A two-state (long, short) Markov chain model of our trading strategy

A state transition model like this is called a Markov Chain, and we will use the the transition matrix to generate random state transition sequences with code like below:

current_state = -1
for _ in range(10):
    current_state = np.random.choice(trans_prob.columns, p=trans_prob.loc[current_state])
    print(current_state)

>
1.0
1.0
1.0
1.0
1.0
1.0
1.0
-1.0
-1.0
-1.0

Below is a plot with on the left three random scenarios generated with this Markov Chain transition matrix model, and the trading results of those scenarios on the right. The idea is that these random trading scenarios have similar characteristics as the Awesome Oscillator, except that the timing is purely random and not based on any market information.

Three random strategies and their performance

Simulation results

The next plot show results based on 10.000 random trading scenarios. The performance distribution of the random strategies is shown in black, and we see that the Awesome Oscillator (in red) is somewhere in the middle of the distribution. This is telling us that the Awesome Oscillator is not any better than random strategies. A good strategy that is statistically significantly better than a random strategy would have had a performance above the 99% percentile (to the right of the blue line).

Searching for better strategies

If we read the manual of the Awesome Oscillator, we see that it has two magic numbers {window1, window2} that we can change. We can try to change those, and see if that gives us a better performing strategy.

Suppose we try 10 different settings and then pick the best one: surely we will end up with a better strategy? The probability that all 9 new variants are all worse is very low.

But, what if we instead considered 9 alternative random strategies? There is a high likelihood that in that case one of the random strategies would be best! However, this is NOT something we want, we don’t want to discard our strategy and replace it with a random strategy, because a random strategy is not something we want to actually trade on.

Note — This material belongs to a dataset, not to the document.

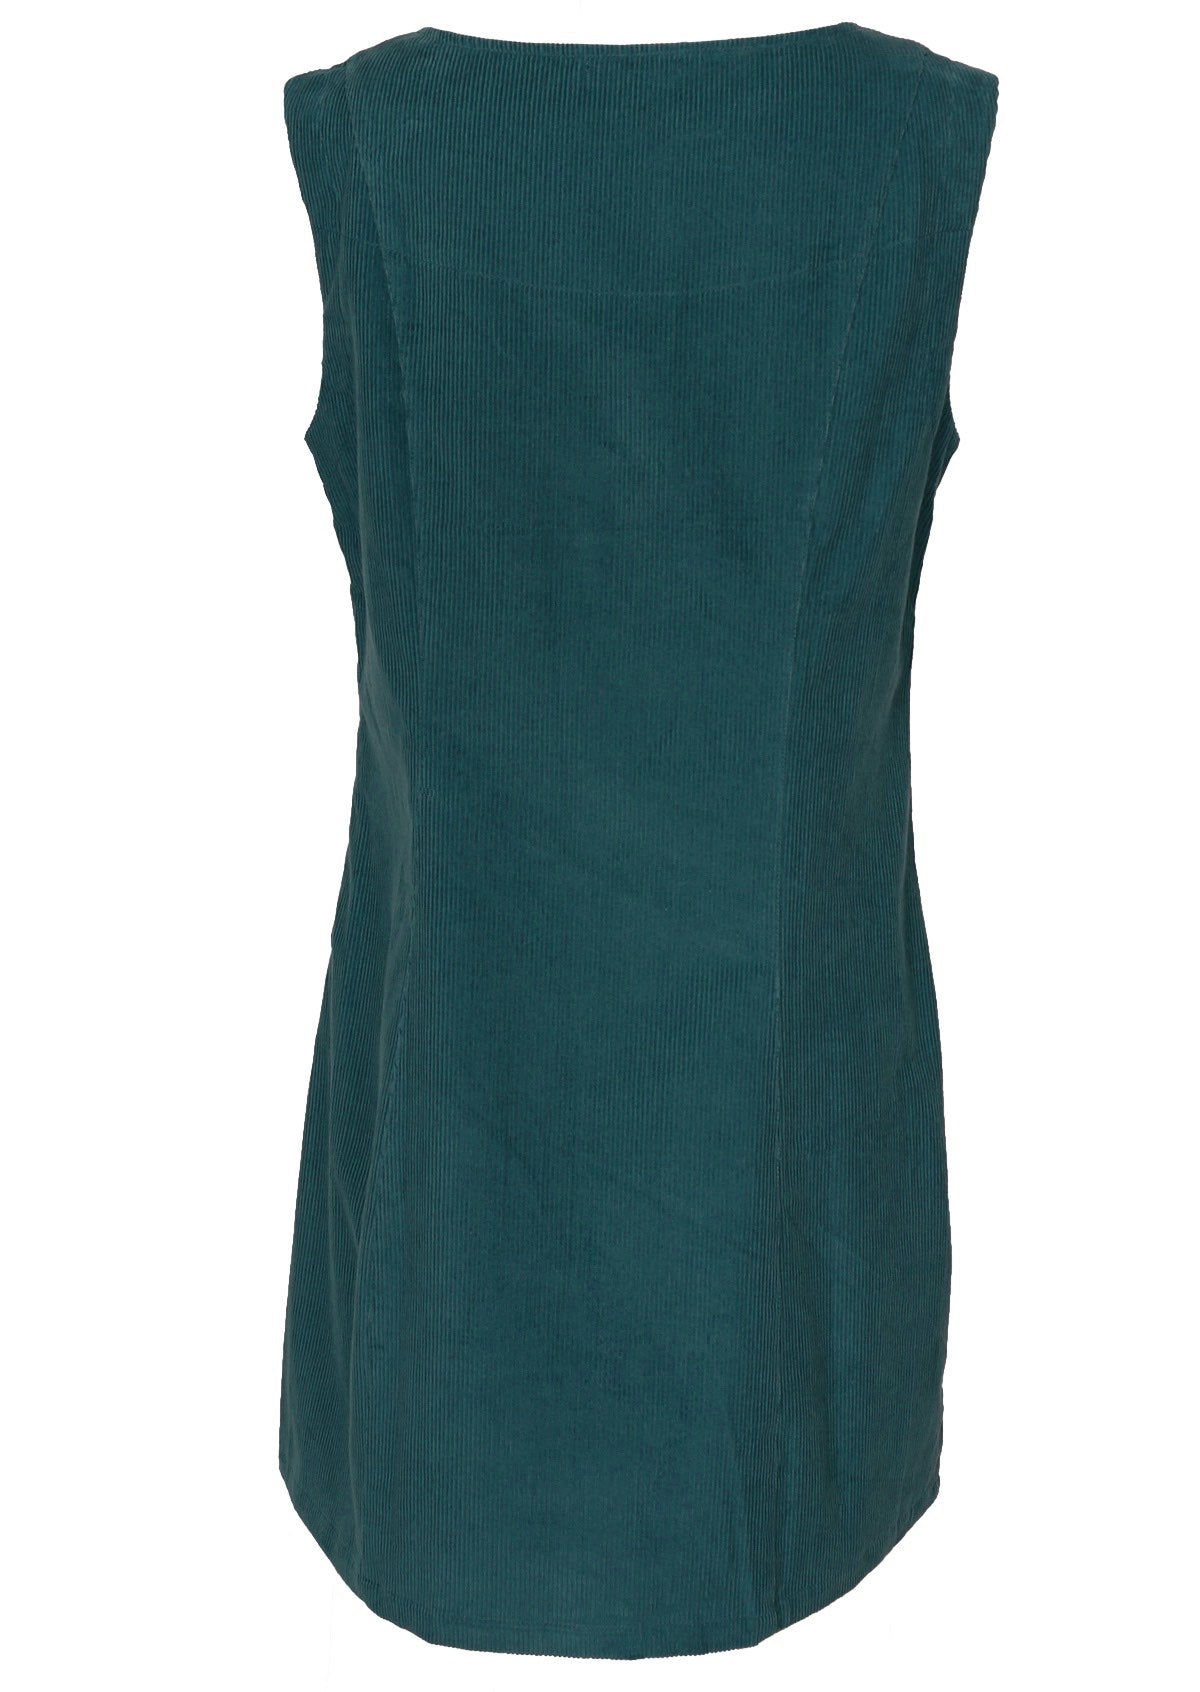 Flattering 100% cotton corduroy tunic in a deep teal colour. 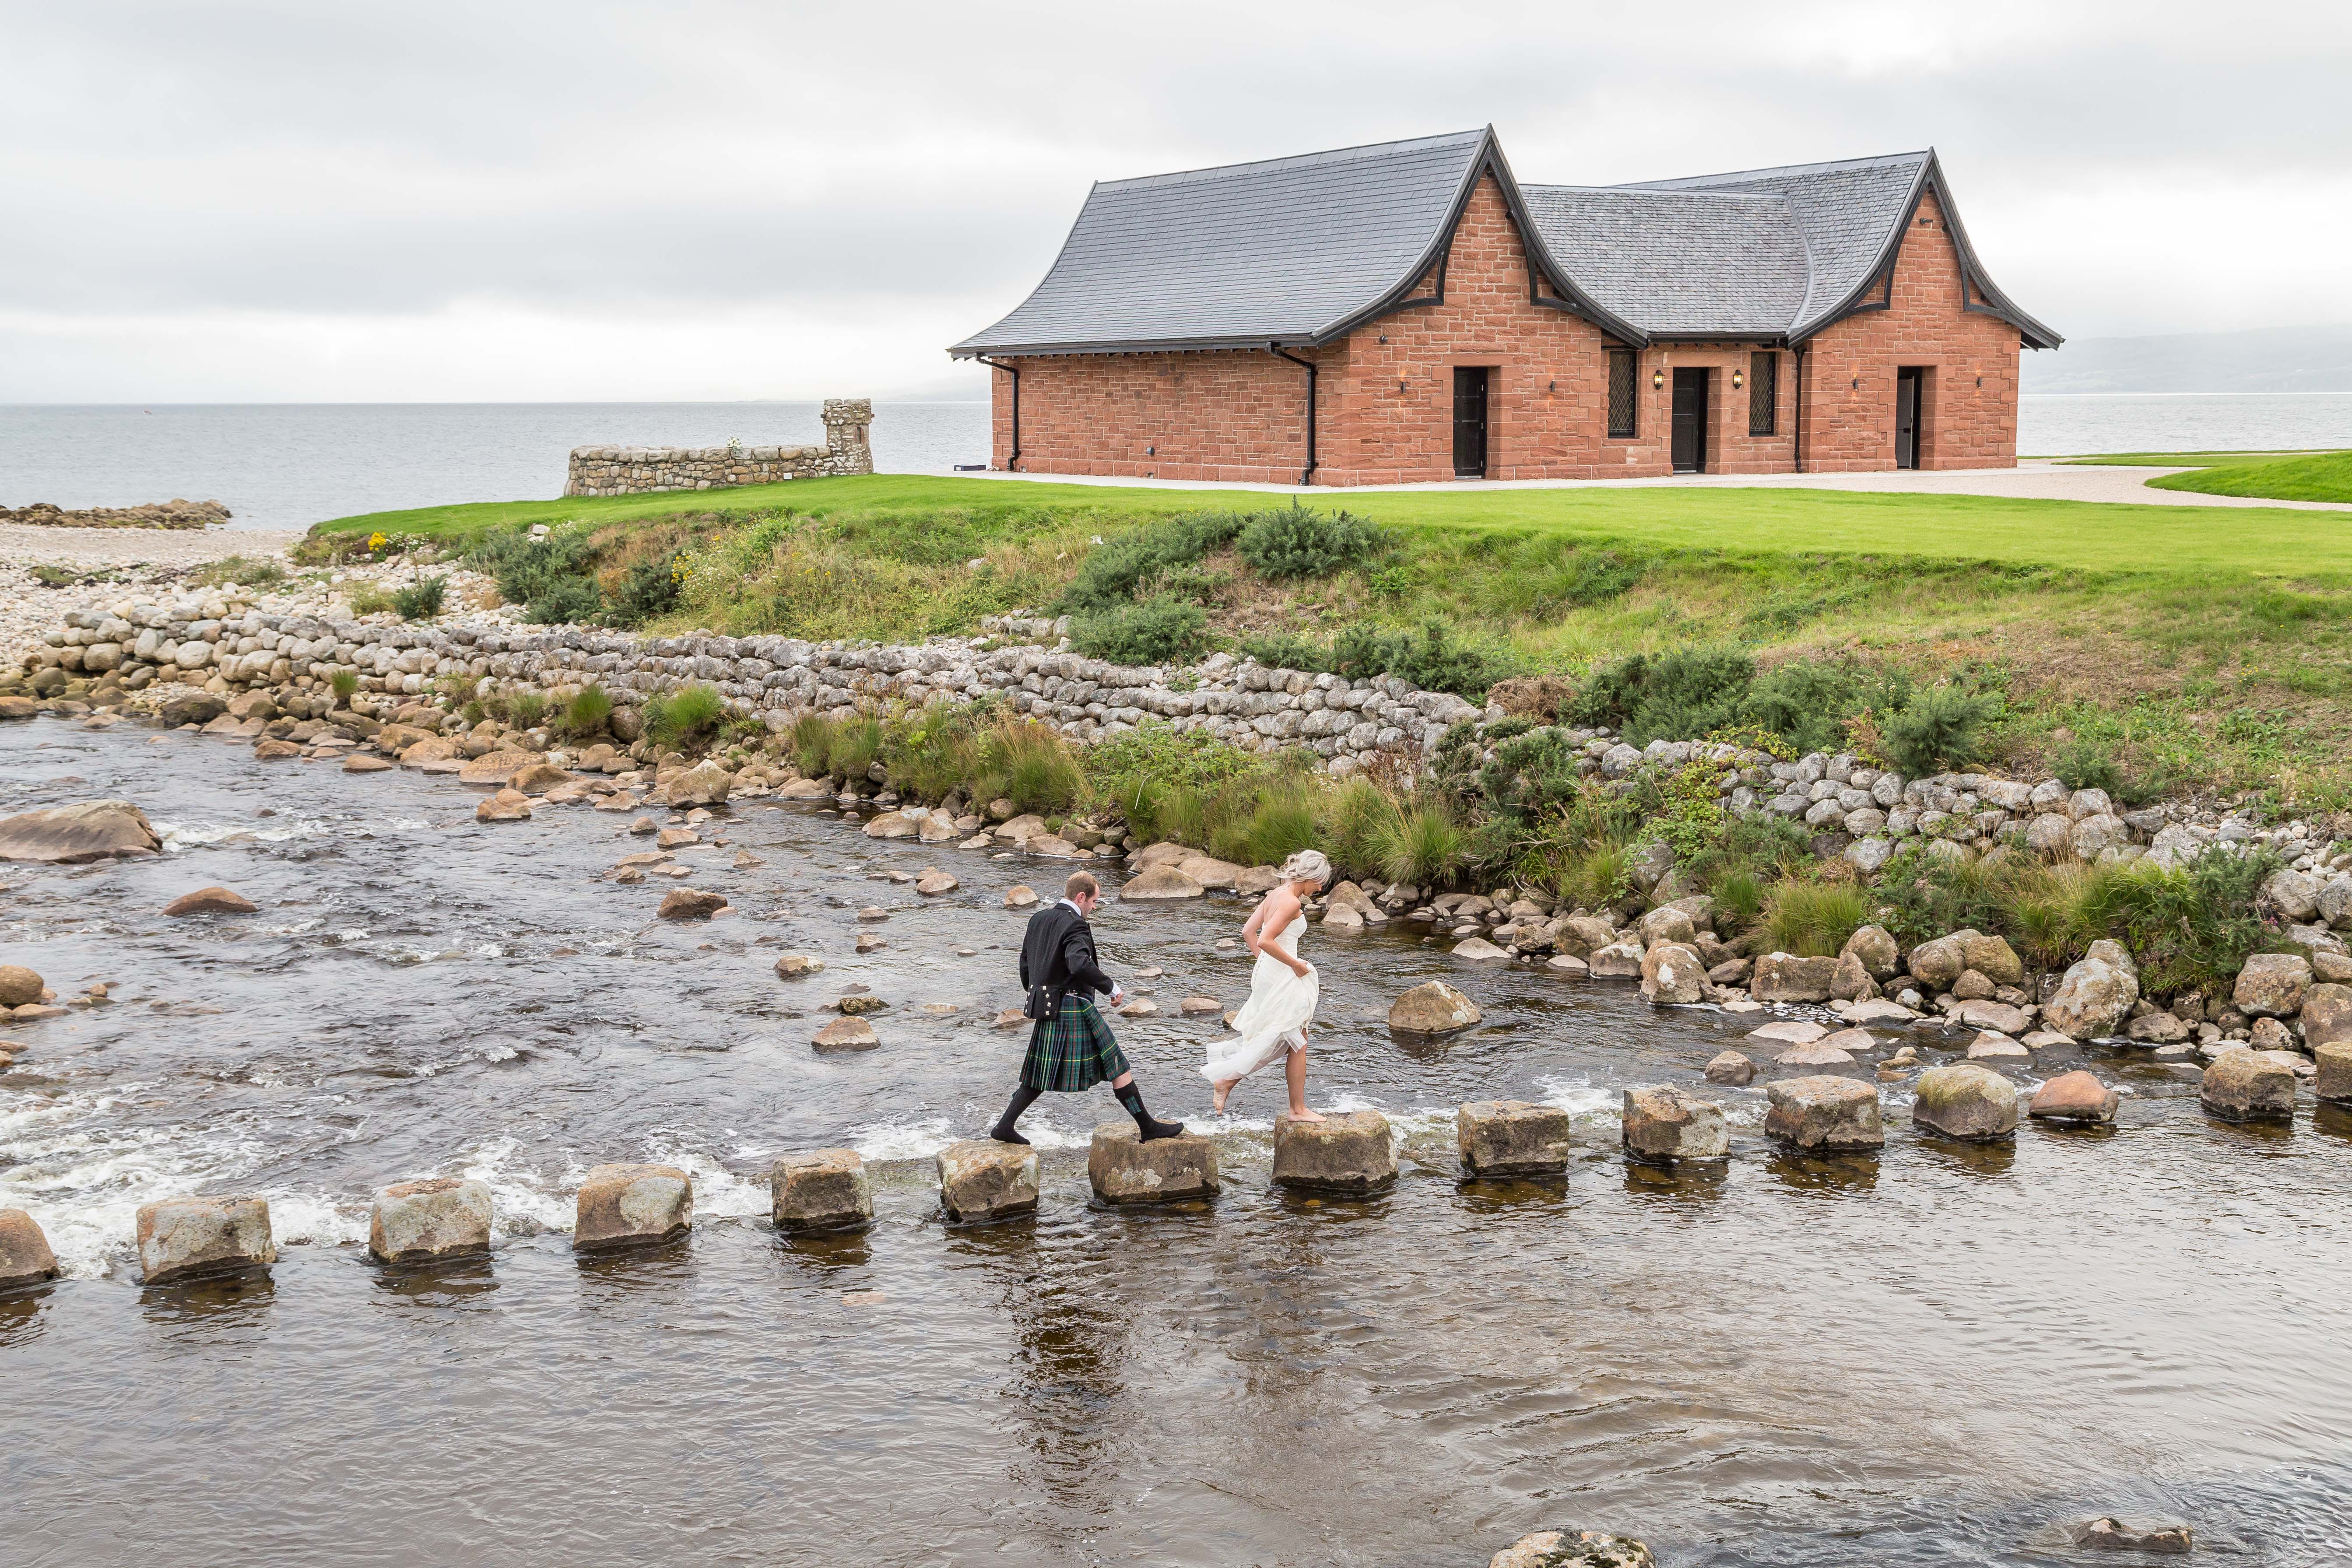 Dougarie Boat House, wedding venue on the Isle of Arran in the Scottish Isles

This brings us to the main point: if you try multiple strategies and pick the best one, then you need to benchmark that selection process against picking the best of multiple random strategies. Below you see the distribution of the performance of “best-of-10” random strategies. Compared to a single random strategy, the “best-of-10” has a higher mean (now 1.35 vs 1.08 previously), and a higher significance level (now 1.67 vs 1.51 previously). If we look at 10 strategy backtests during our research and pick the best one, then it will only be something you can put to production if the performance is about 1.67. Anything below is not statistically significantly better than putting random strategies to production.

There is one subtle factor to look into: if your strategies are all very similar (which is often the case when tweaking) then it’s not fair to treat them as independent separate strategies. Maybe 10 variants of a strategy only count effectively as 2 very different strategies because they are all very much alike?

Another thing to note is that having a separate train and validation set isn’t going to help unless you don’t look at the validation performance when deciding what strategy you’ll eventually pick.

For further reading: Marcos Lopez de Prado has done extensive research on backtesting and these biases. I highly recommend his books and his research on the “Deflated Sharpe Ratio”.